The CBI review process involved the submission to the CBI of the index factsheet, methodology, list of constituents and their weightings as well as a completed checklist against the CBI index requirements.
A confirmation to the CBI of compliance of the index with the CBI requirements had to be submitted as part of the submission and also in instances where the submission was not required.

The New Index Certification Process

The guidance has introduced a self-certification regime for UCITS proposing to use an index. As before, the CBI requires a confirmation of compliance of the index with the CBI requirements. As part of the new certification process, this confirmation must now be provided by a director on behalf the UCITS management company.

The CBI has also simplified the requirement for a submission in circumstances where the weighting of a single corporate issuer in an index makes up more than 20% and up to 35% of the index. This would arise in the context of indices comprised of corporate issuers whereby the usual UCITS ‘5/10/40’ concentration limit for corporate issuers (i.e. the exposure to the same issuer cannot be more than 10% and the sum of constituents with a weighting in excess of 5% cannot be more than 40%) is exceeded. In these circumstances, the index could avail of the increased ‘20/35’ concentration limit envisaged by the UCITS rules (i.e. exposure to the same issuer cannot be more than 20% and exposure to one issuer may be raised to 35% where this is justified by exceptional market conditions). Under the guidance, the index submission in respect of ‘20/35’ indices is now limited to setting out why the market conditions justify increasing the concentration limit for investment in a single issuer to 35%. The index due diligence documentation is no longer required to be provided to the CBI as part of the submission.

Index Quality Assessments

The CBI expectations as to the information that a UCITS manager must maintain in respect of indices used by the UCITS under its management are set out in the guidance for the first time. It is made clear in the guidance that the CBI expects a UCITS manager to be in a position to demonstrate at all times that indices used by the UCITS under its management comply with the regulatory requirements. It is envisaged that the CBI would carry out spot checks and the guidance sets out the following minimum information that must be provided to the CBI upon request:
• the rationale as to how the index achieves the objective of being a benchmark for the market to which it refers;
• the methodology used to construct the index (which should be adequately described and include data on constituent selection criteria, constituent price collection procedures, asset allocation rules and guidelines for altering and re-balancing the index);
• information on index constituents and their current as well as historic weights;
• details as to how the index calculation methodology is verified;
• information should be provided on any fees embedded in the index; and
• any technical and marketing documents produced by the index sponsor.

Summary and Action Required

Notwithstanding the simplification that the new certification regime brings, UCITS managers are likely to find that not a whole lot has changed as far as the CBI review process is concerned. In summary, index submissions have been done away with for indices comprised of ineligible assets and have been simplified for indices that rely on the increased ‘20/35’ issuer concentration limits.

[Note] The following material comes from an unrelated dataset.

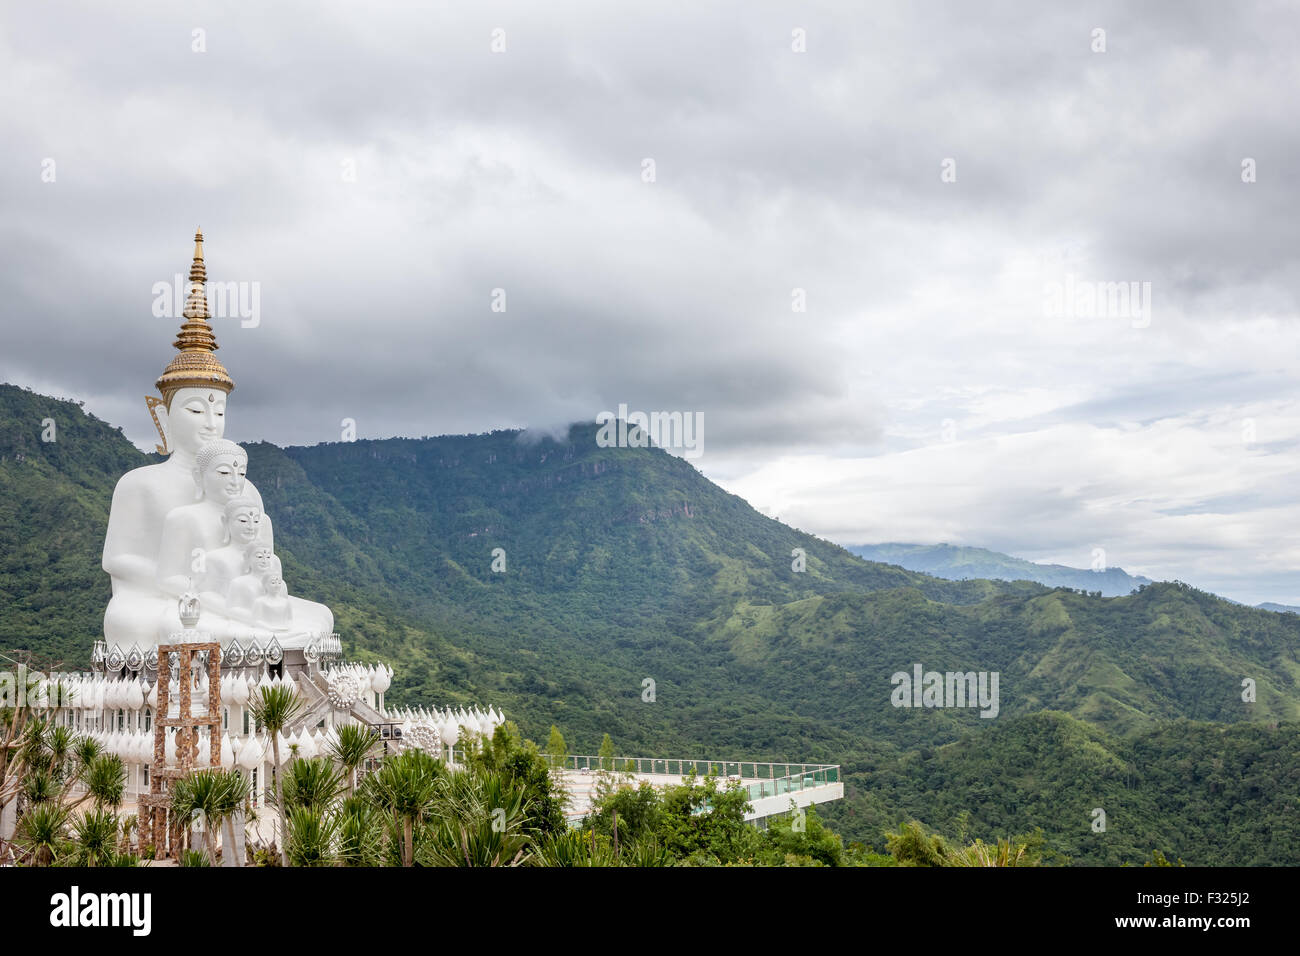 En las montañas de Khao Klo es un nuevo cinco Buda blanco apareciendo cerca uno del otro Foto de stock
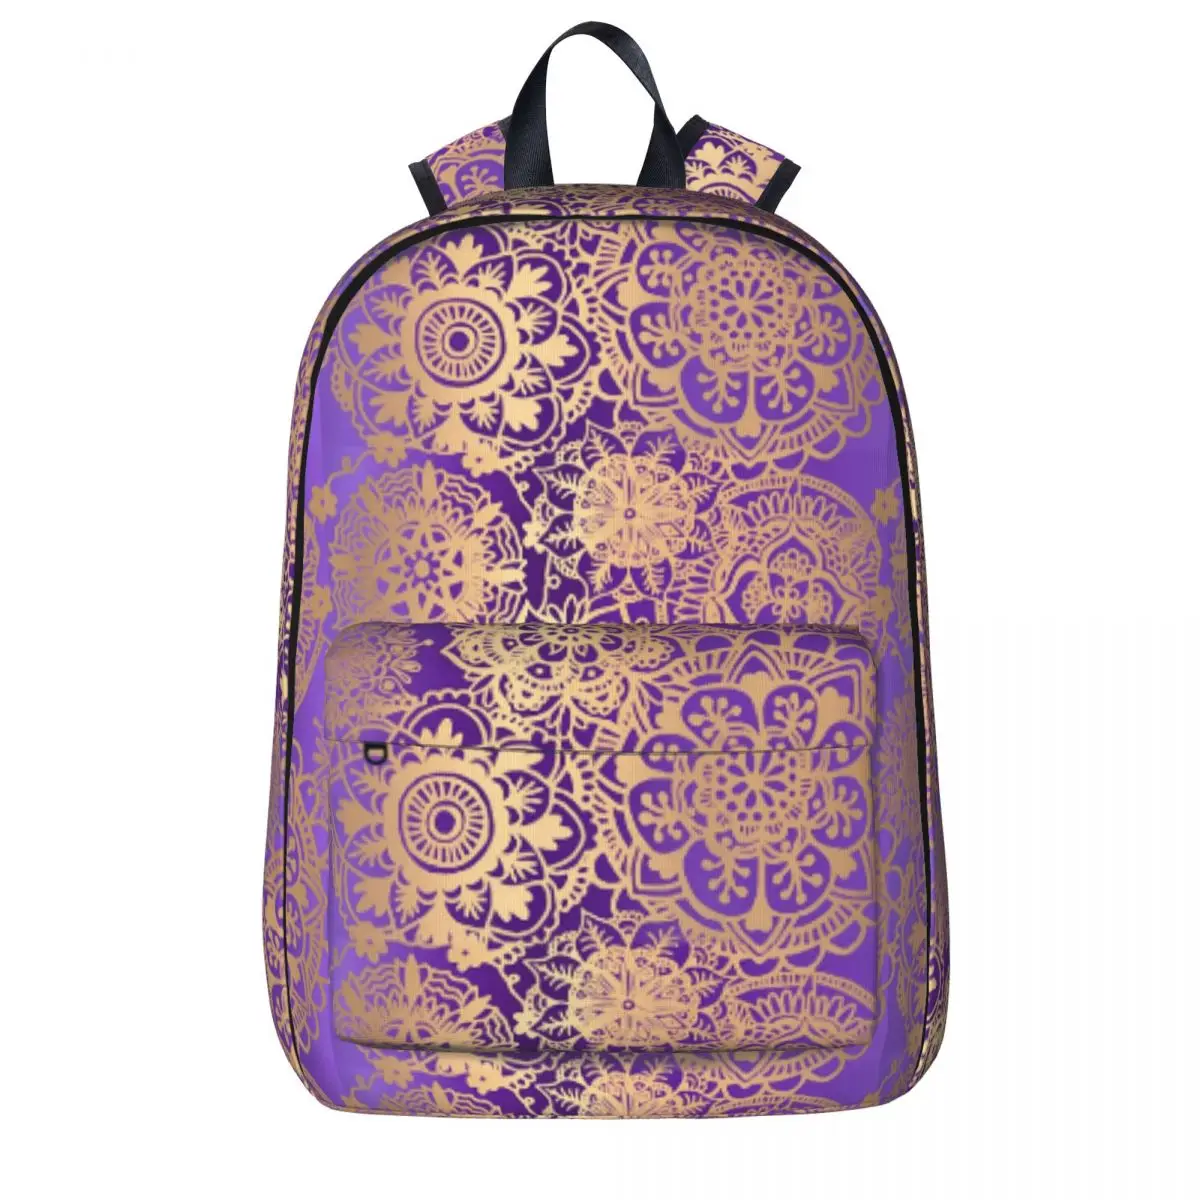 

Рюкзак в стиле бохо с мандалой, фиолетовый и золотистый цвет, Большой Школьный Рюкзак Для Езды На Велосипеде для мальчиков, индивидуальный рюкзак

A confirmation in respect of index compliance (now in the form of a certification from the management company) still has to be given for every index. The level of due diligence that UCITS managers have to carry out pursuant to the UCITS requirements on the indices they use has also not changed.

Arguably of greater note is that the CBI has formally set out its expectations as to the level of information it expects to receive at short notice from a UCITS manager in relation to the indices used by the UCITS under its management. It is now timely for UCITS managers to review the index due diligence documentation maintained by them against the CBI requirements and ensure that it is in the form that could be provided to the CBI at short notice upon request.